---------- Excerpted data ----------
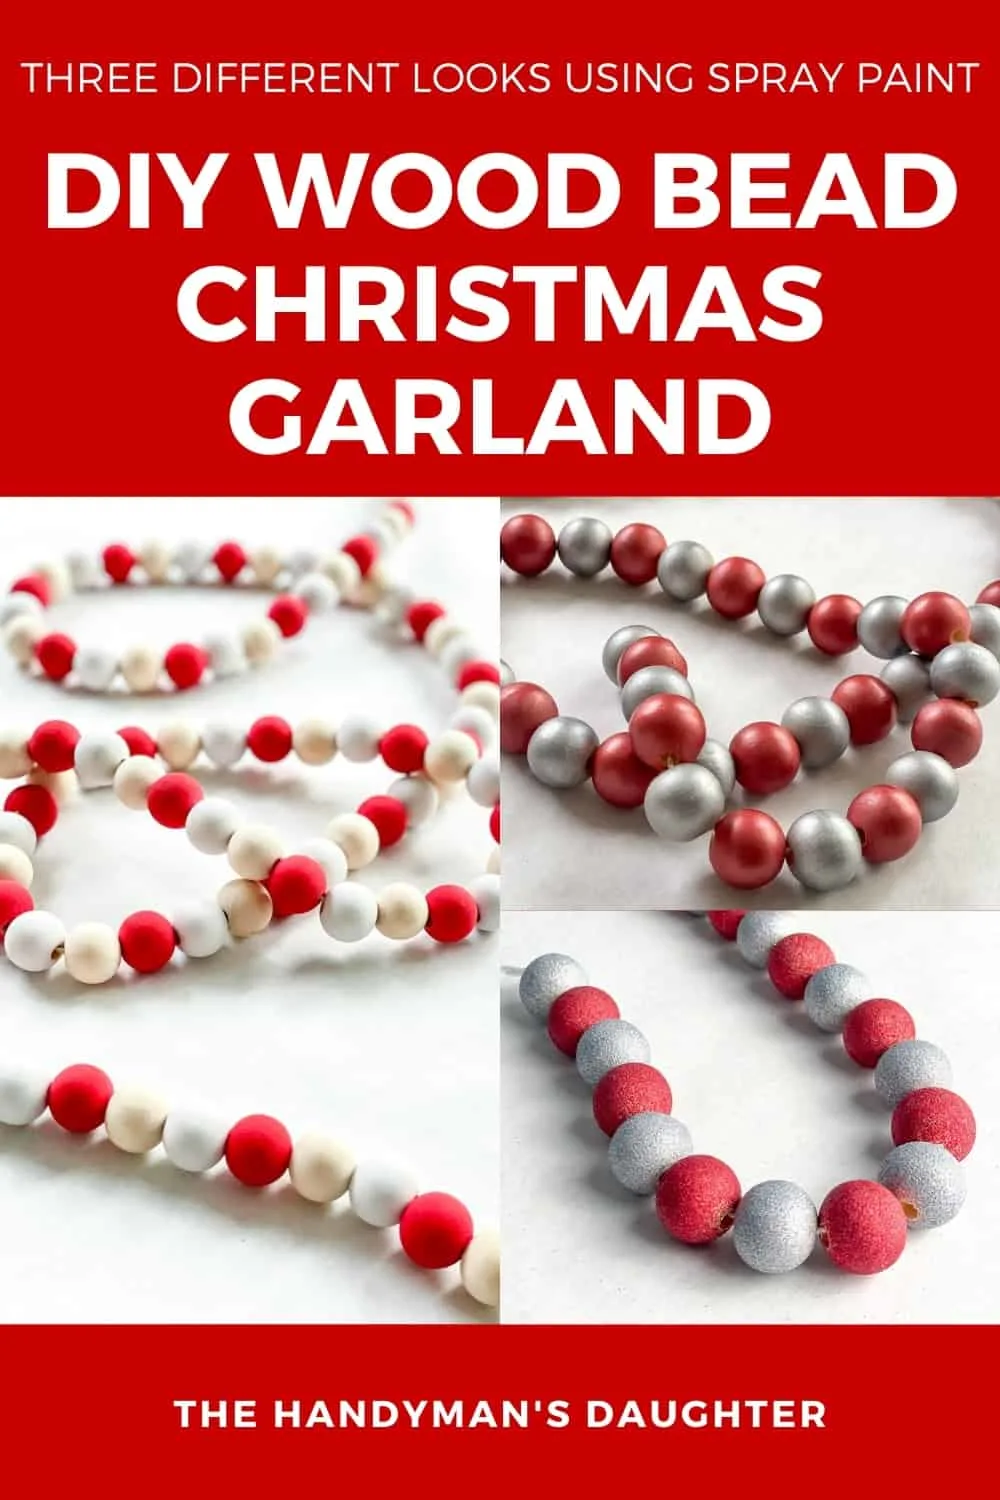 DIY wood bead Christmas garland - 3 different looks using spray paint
----------
---------- Excerpted data ----------
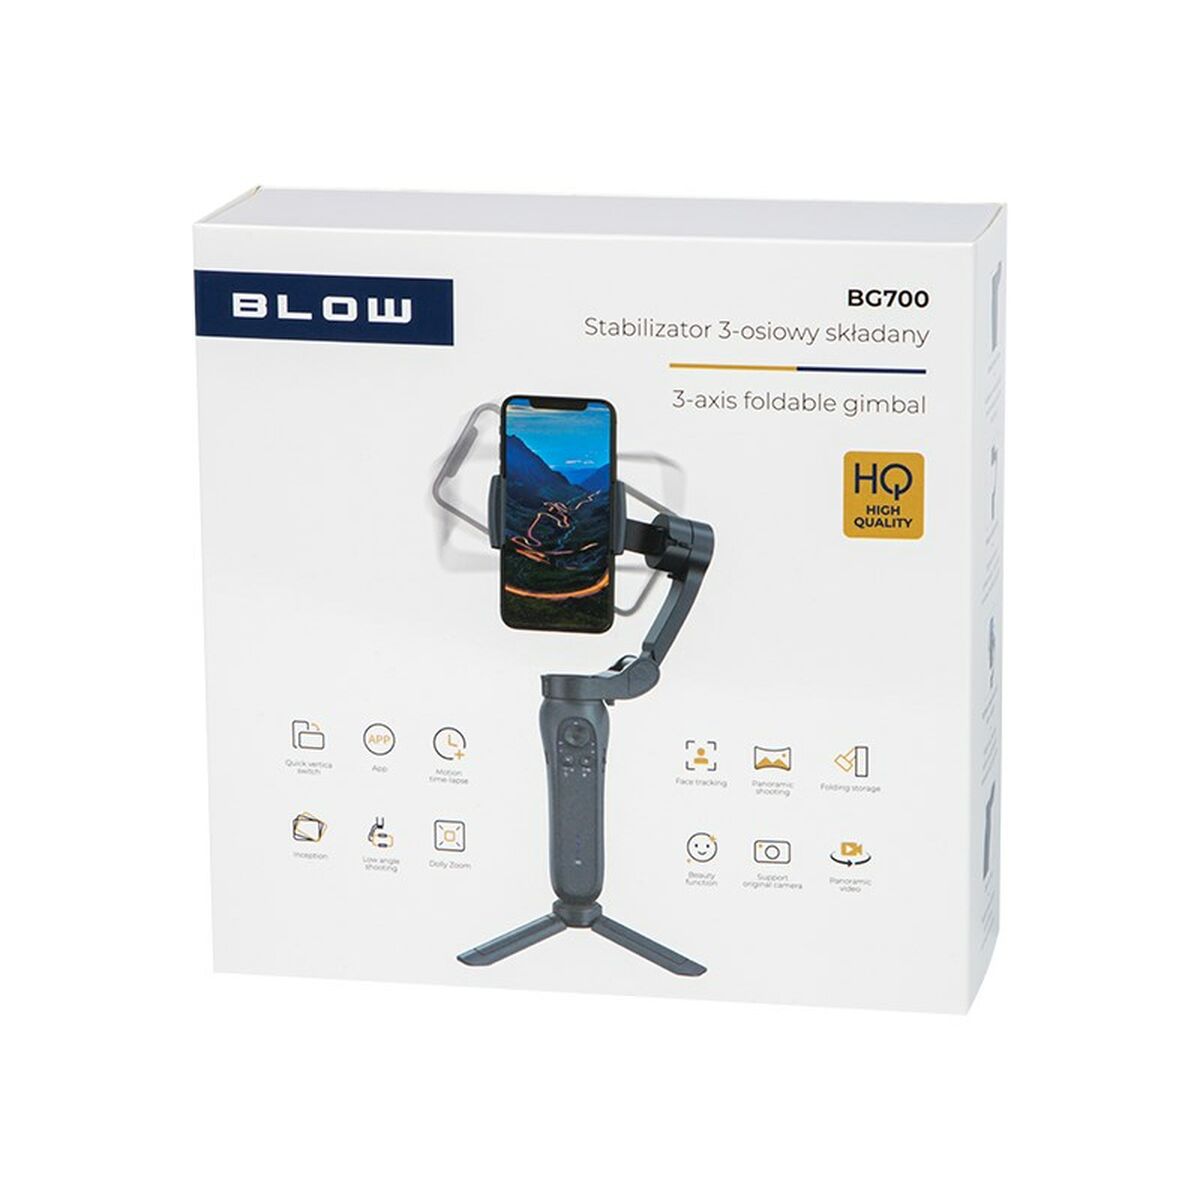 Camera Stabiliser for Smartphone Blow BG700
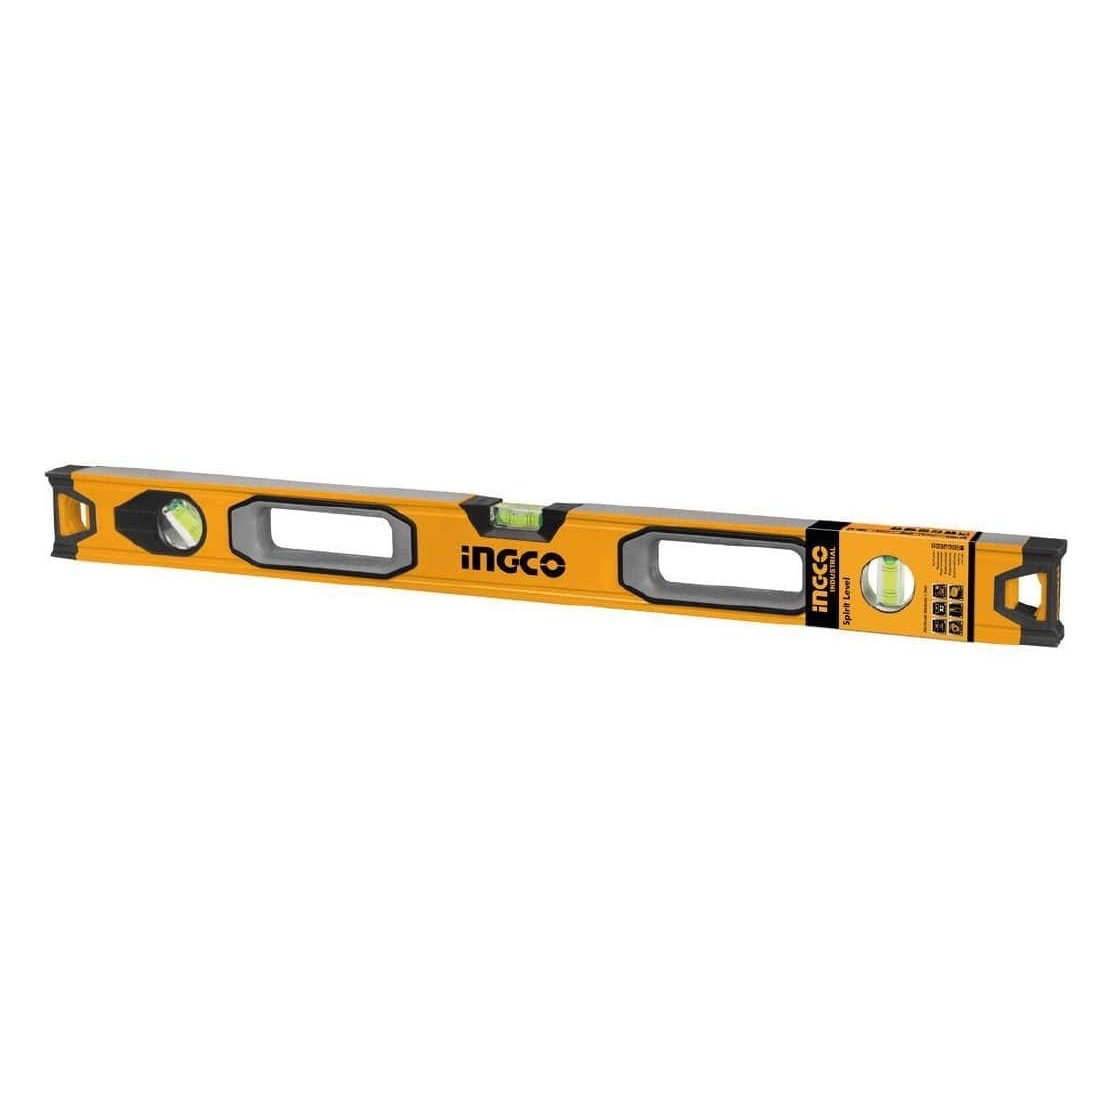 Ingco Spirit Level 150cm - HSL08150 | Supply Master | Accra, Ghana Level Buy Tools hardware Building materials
----------
---------- Excerpted data ----------
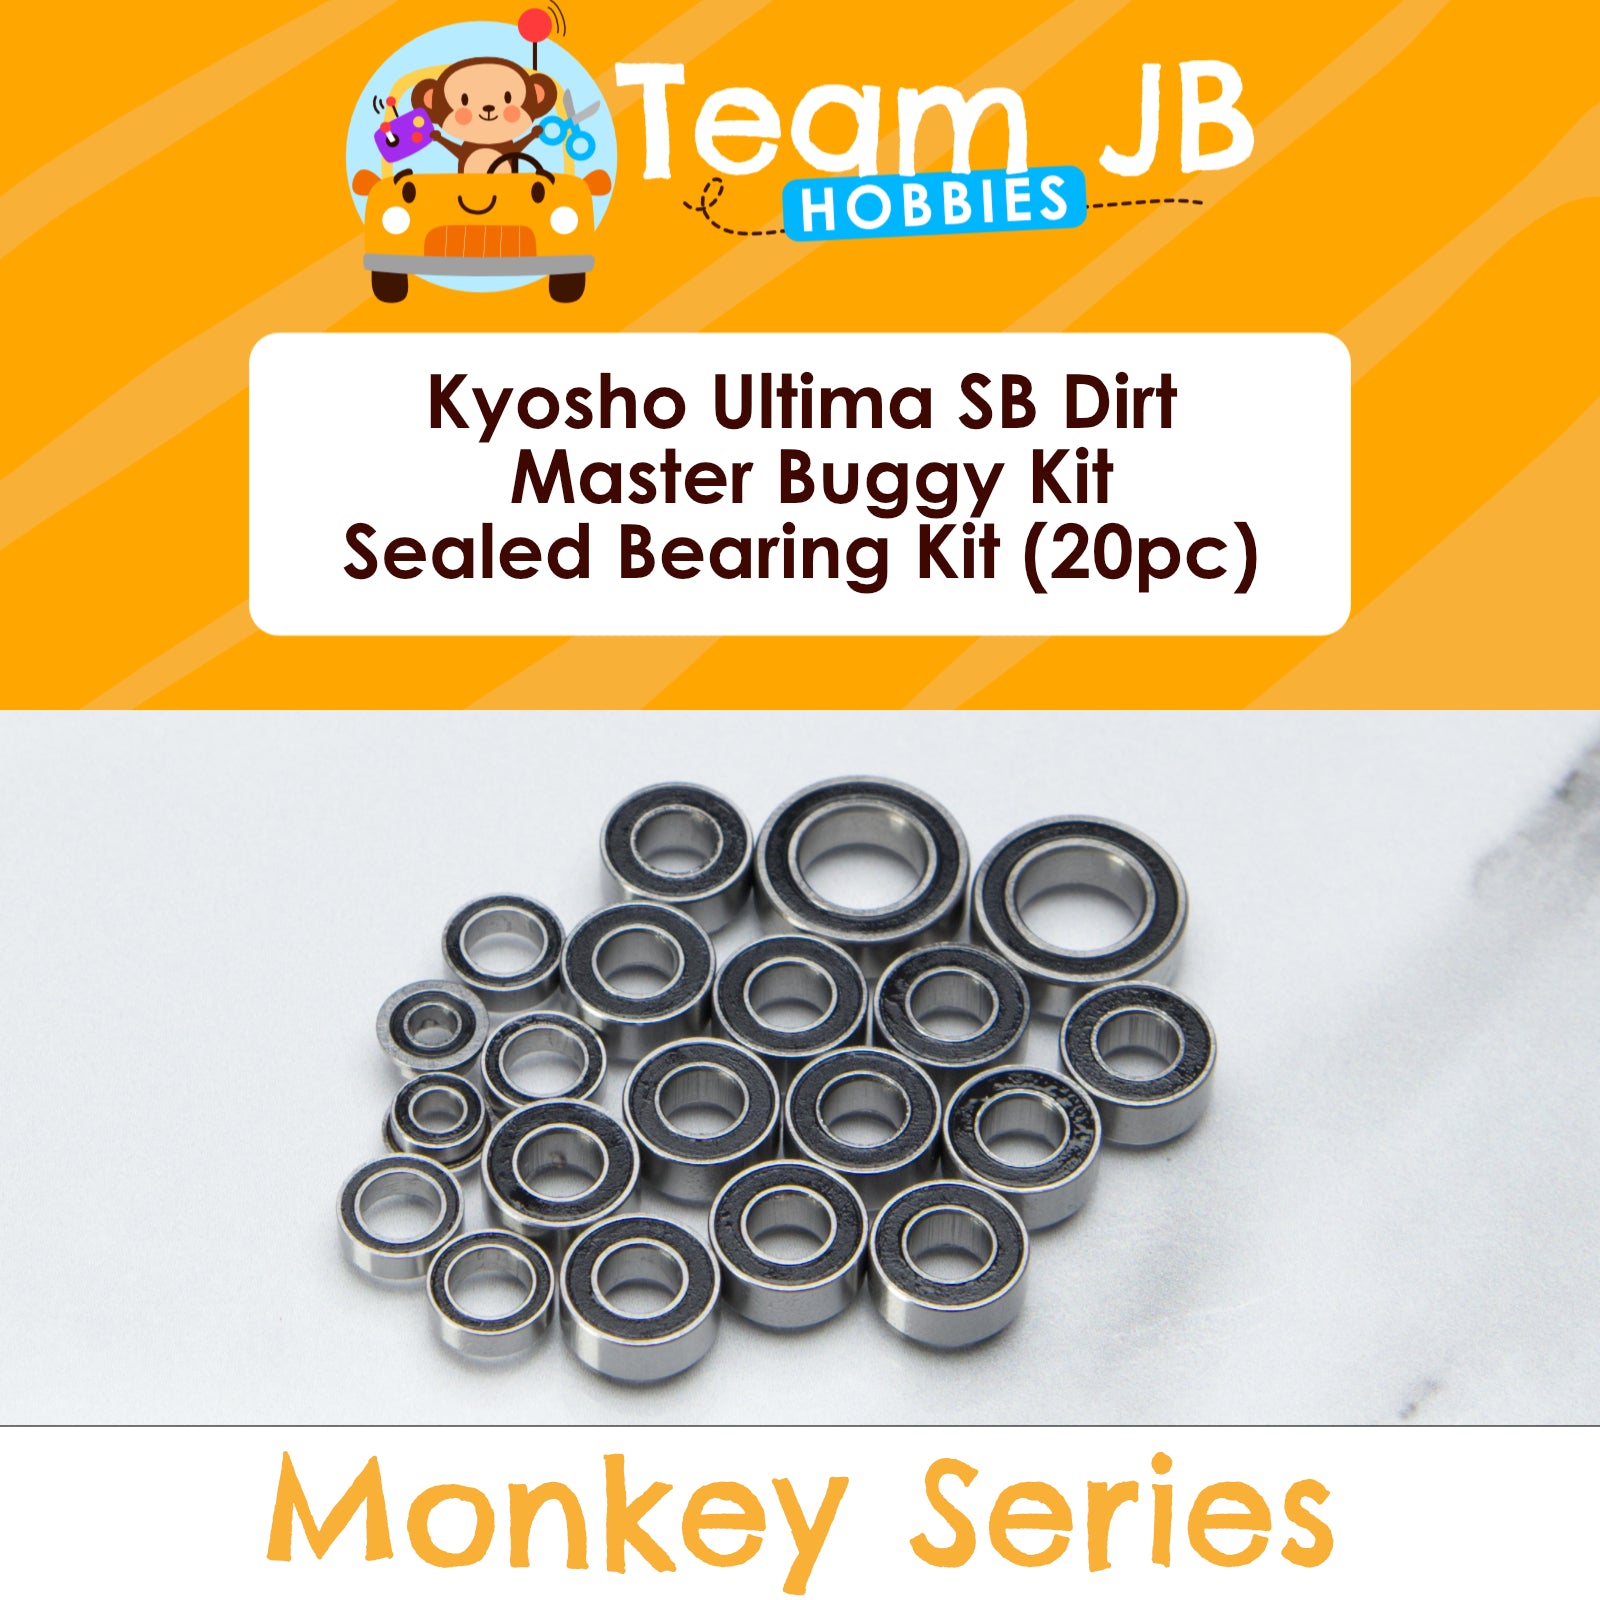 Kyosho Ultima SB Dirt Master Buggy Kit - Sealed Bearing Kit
----------
Task details - Start with the line with "Camera Stabiliser for Smartphone Blow BG700" in the listing above and stop after the line with "Ingco Spirit Level". Write out exactly the lines in that stretch and no others, without pictures.

Answer to this task -
 Camera Stabiliser for Smartphone Blow BG700
 Ingco Spirit Level 150cm - HSL08150 | Supply Master | Accra, Ghana Level Buy Tools hardware Building materials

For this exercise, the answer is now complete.